* [WORK TO BE COMPLETED]
Without the images, reproduce each line of the material exactly.

* [DATA PROVIDED]
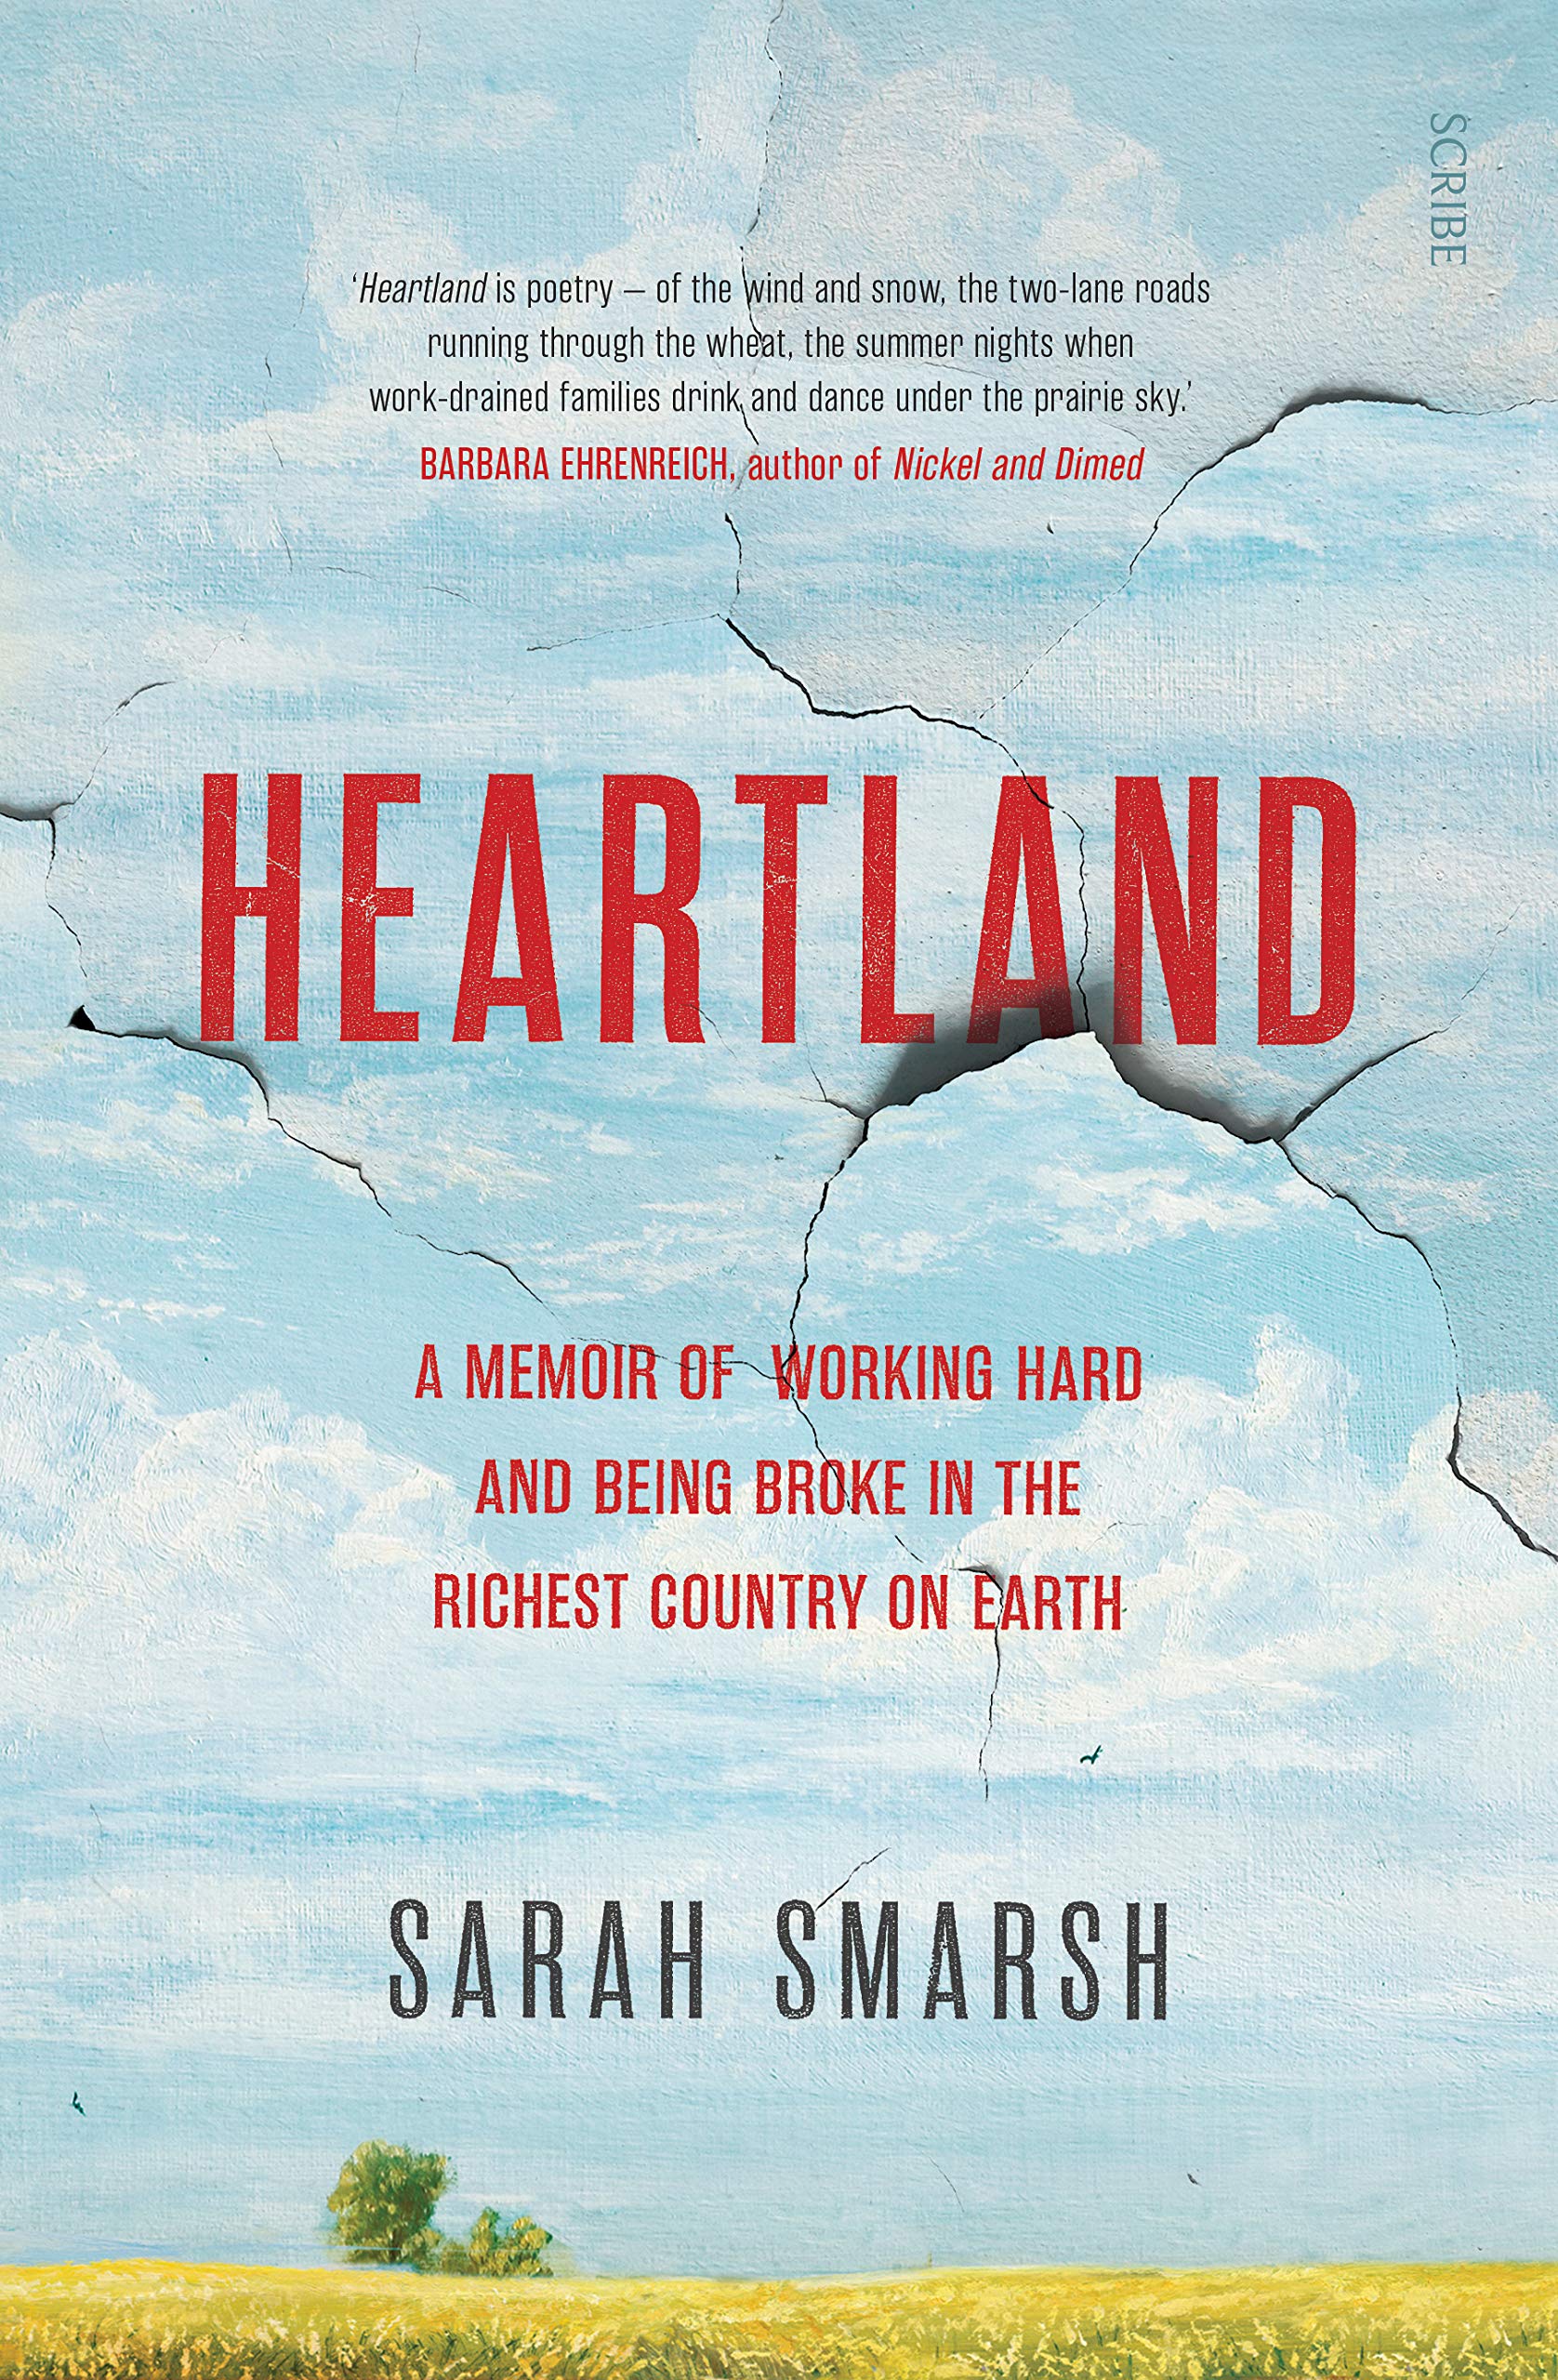 Image for "Heartland"
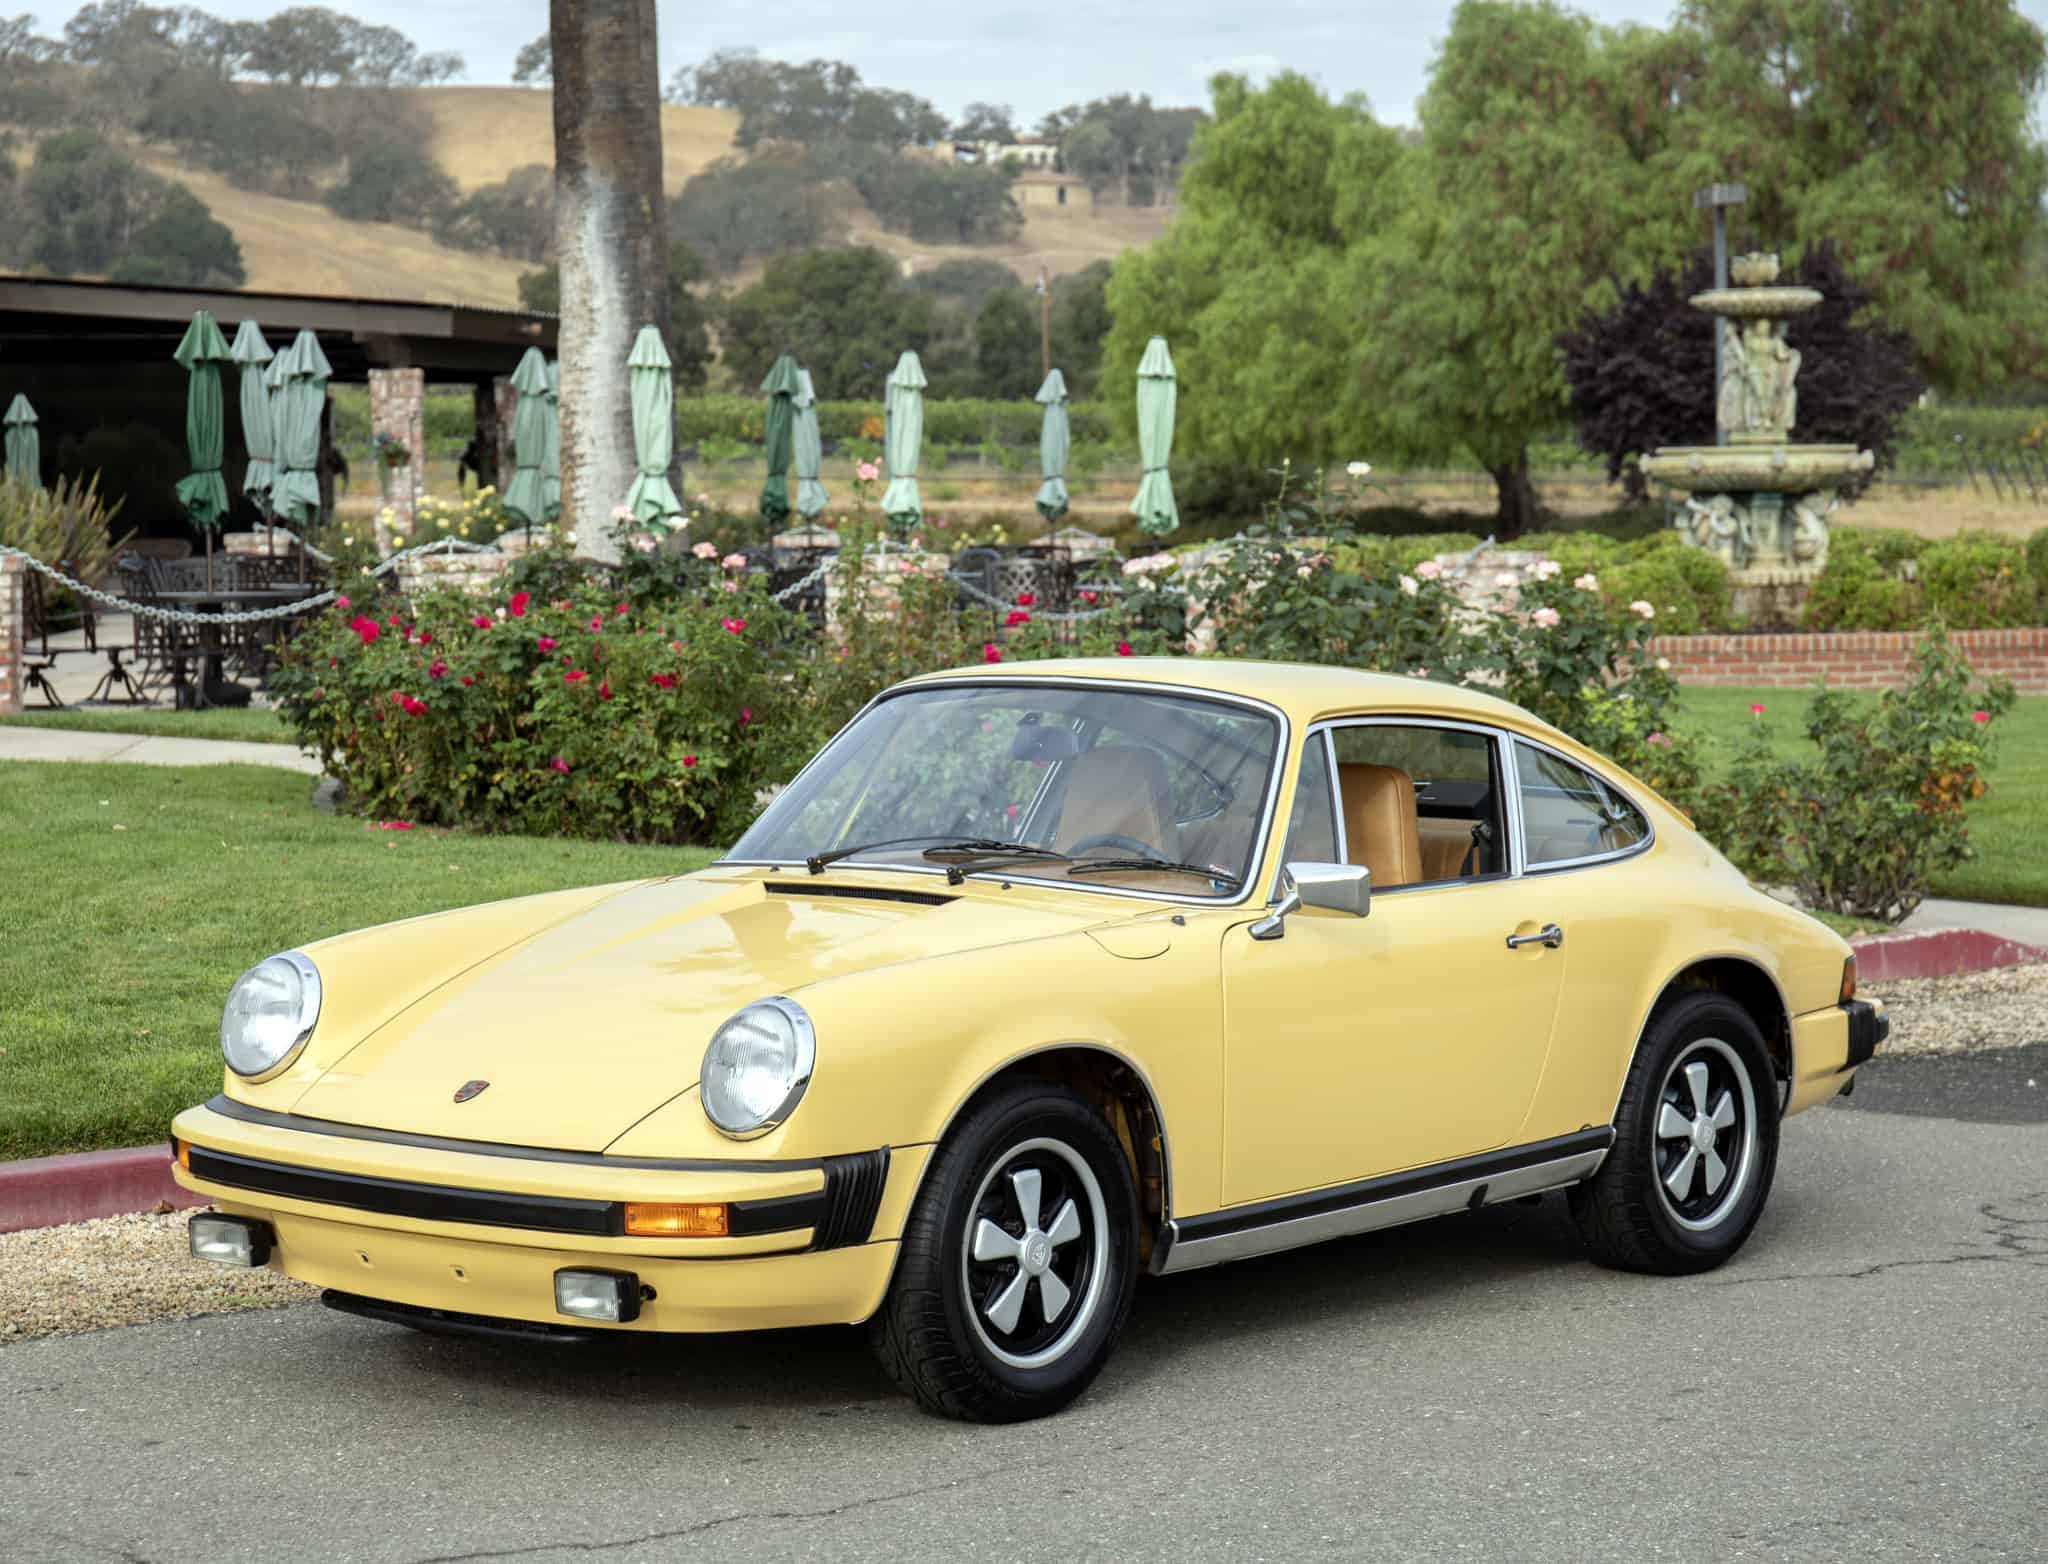 Valuation of a classic car such as a Porsche 911
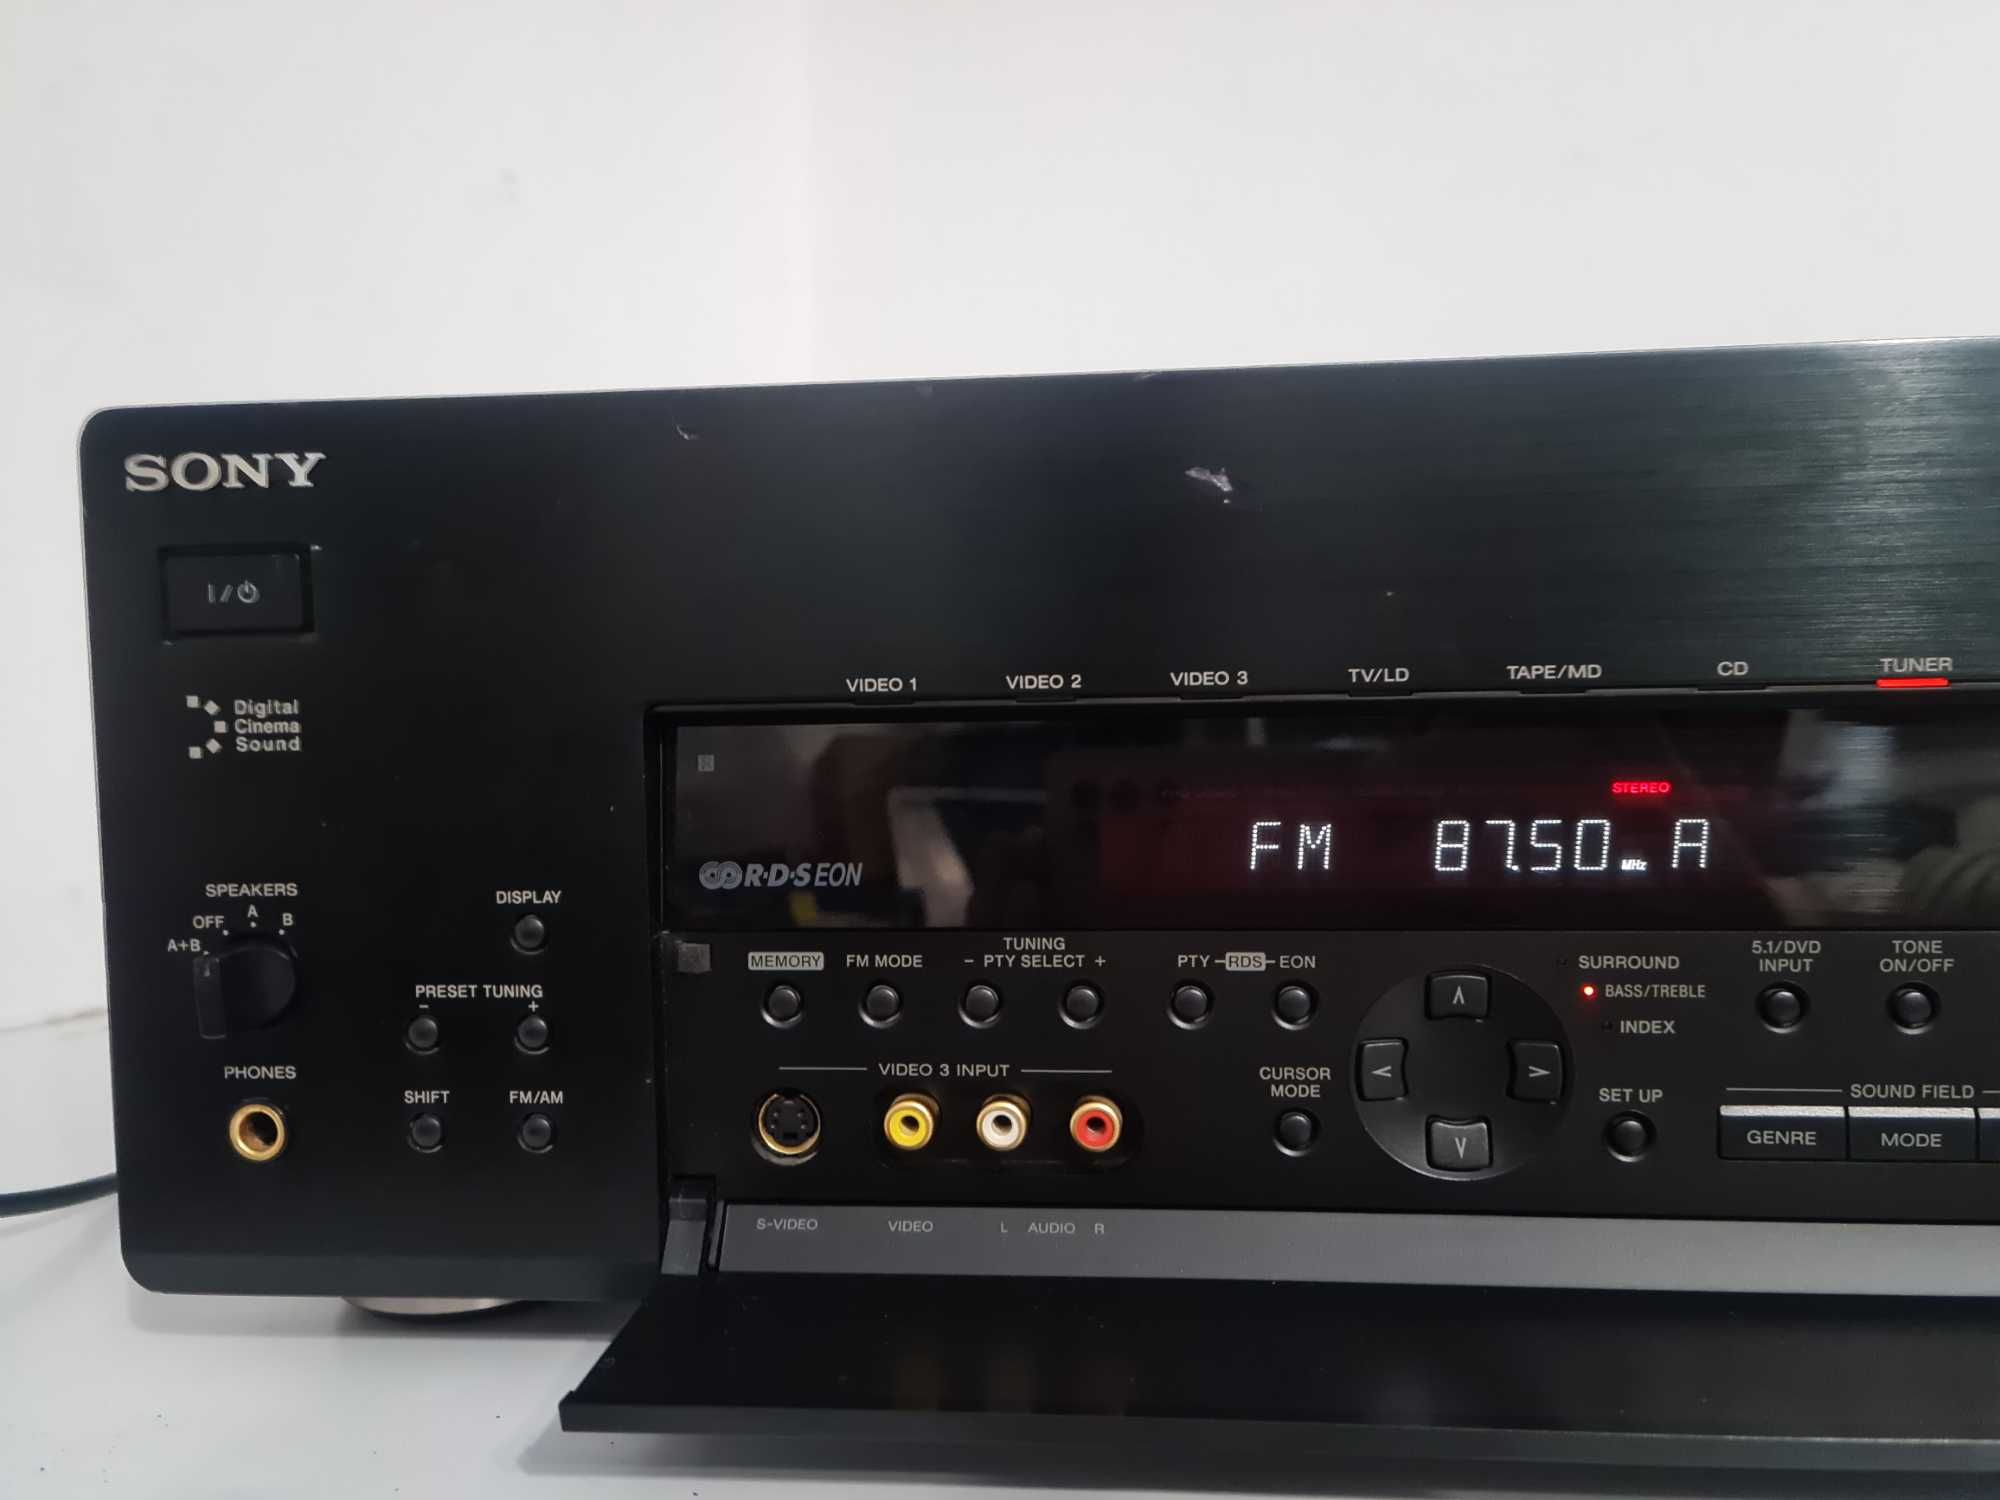 receiver Sony STR-DB725

* [OUTPUT OF THE EXERCISE]
 Image for "Heartland"
 Valuation of a classic car such as a Porsche 911
 receiver Sony STR-DB725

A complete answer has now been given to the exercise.